2. If the server itself is lost:

   1. Provision a replacement R640 or equivalent.
   2. Restore the relevant Docker volumes from backup
      (see {doc}`ca-day-to-day` § "Backup").
   3. Move HSM #2 from the old chassis to the new one's internal
      USB.
   4. Re-point DNS if the IP changed.
   5. `ccat ca up`.

**Verification.** Clients do not notice — the CA URL and root
fingerprint are unchanged. Confirm via `step ca health` from a
known-good client.

**Rollback / escalation.** No rollback — the recovery is the fix.

### "HSM #2 has failed"

**When you run this.** HSM #2 (intermediate key) is dead or
unresponsive on input-b.

**Preconditions.**
- HSM #1 is retrievable from the safe.
- A new HSM 2 dongle (same model) is on hand or procurable.

**Steps.**

1. Retrieve HSM #1 from the safe.
2. Buy a new HSM 2 dongle (same model) if you don't already have a
   spare.
3. Run the *Intermediate rotation (planned)* procedure above to
   produce a new intermediate on the fresh dongle.
4. Install the new HSM in input-b, update `ca.json`, restart
   step-ca.

**Verification.** Existing certs chain to the same root and remain
valid; new certs chain through the new intermediate. Downtime: ~1
hour ceremony + recovery time.

**Rollback / escalation.** None. If HSM #1 also fails during this
procedure, escalate to *HSM #1 has failed*.

### "HSM #1 has failed"

**When you run this.** HSM #1 (root key) is dead. This is a
once-in-the-lifetime event — the root is exercised only at root
ceremonies.

**Preconditions.**
- A new HSM 2 (root) is available or procurable.
- {doc}`ceremony/playbook` is current.
- Coordination with every operator and partner is possible.

**Steps.**

1. Procure a new HSM 2.
2. Run a **full commissioning ceremony** to generate a new root.
   Executable steps: {doc}`ceremony/playbook`.
3. Produce a new intermediate signed by the new root.
4. Distribute the new `root_ca.crt` to every managed host via
   `ca_trust`.
5. Every operator runs `step ca bootstrap --force` with the new
   fingerprint. Update the canonical fingerprint block in
   {doc}`ca-client-onboarding`.
6. Rotate every internal service config that hard-codes the root
   path.

**Verification.** Same as *Root rotation* above.

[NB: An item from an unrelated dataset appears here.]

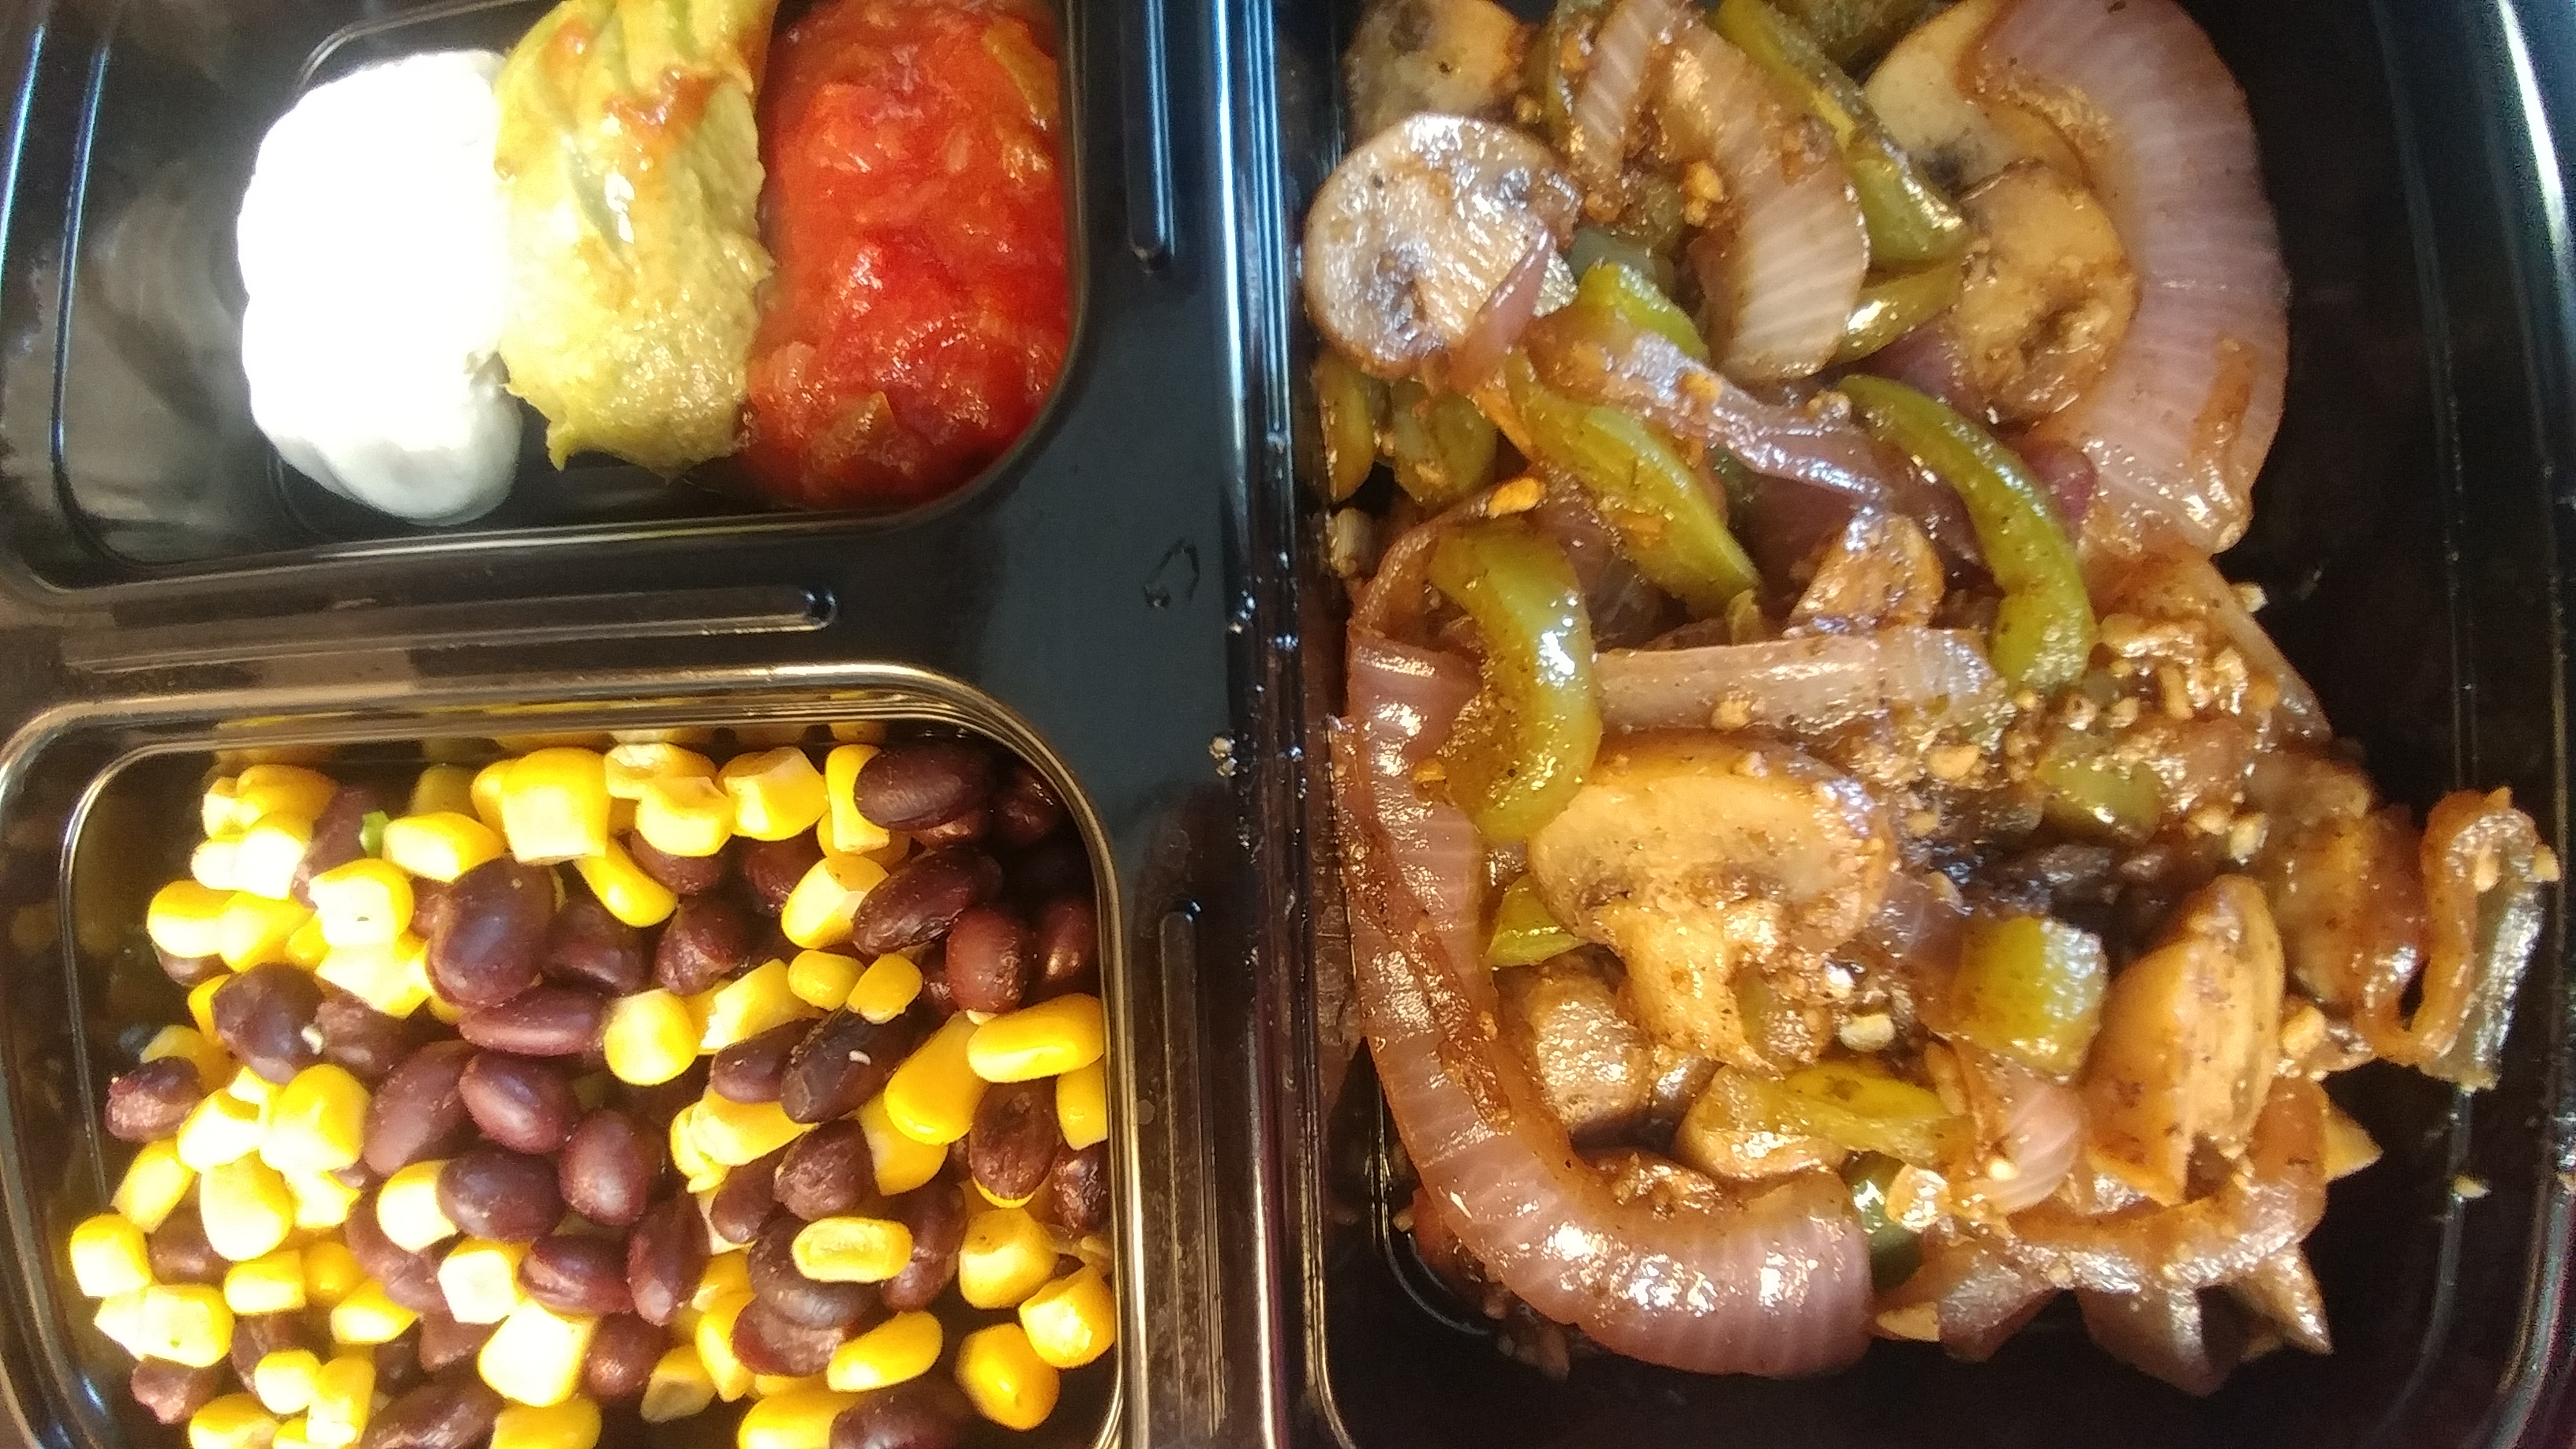 veggie fajita bowls family friendly low carb lunch prep ideas

**Rollback / escalation.** None — this is *Root rotation* by
incident rather than schedule.

## See also

- {doc}`background/ca-architecture` — why two HSMs, why offline
  root, and what each HSM actually protects.
- {doc}`ceremony/playbook` — the executable offline-root ceremony
  procedure (used for both root rotation and HSM #1 recovery).
- {doc}`ceremony/cutover-playbook` — the executable on-server
  cutover procedure (used after the ceremony to deploy the new
  root).
- {doc}`ca-day-to-day` — backup details and the routine vhost cert
  lifecycle (the happy path — this page is the unhappy path).
- {doc}`ca-provisioner-management` — for adding/updating/removing
  provisioners; this page is for *rotating* their material.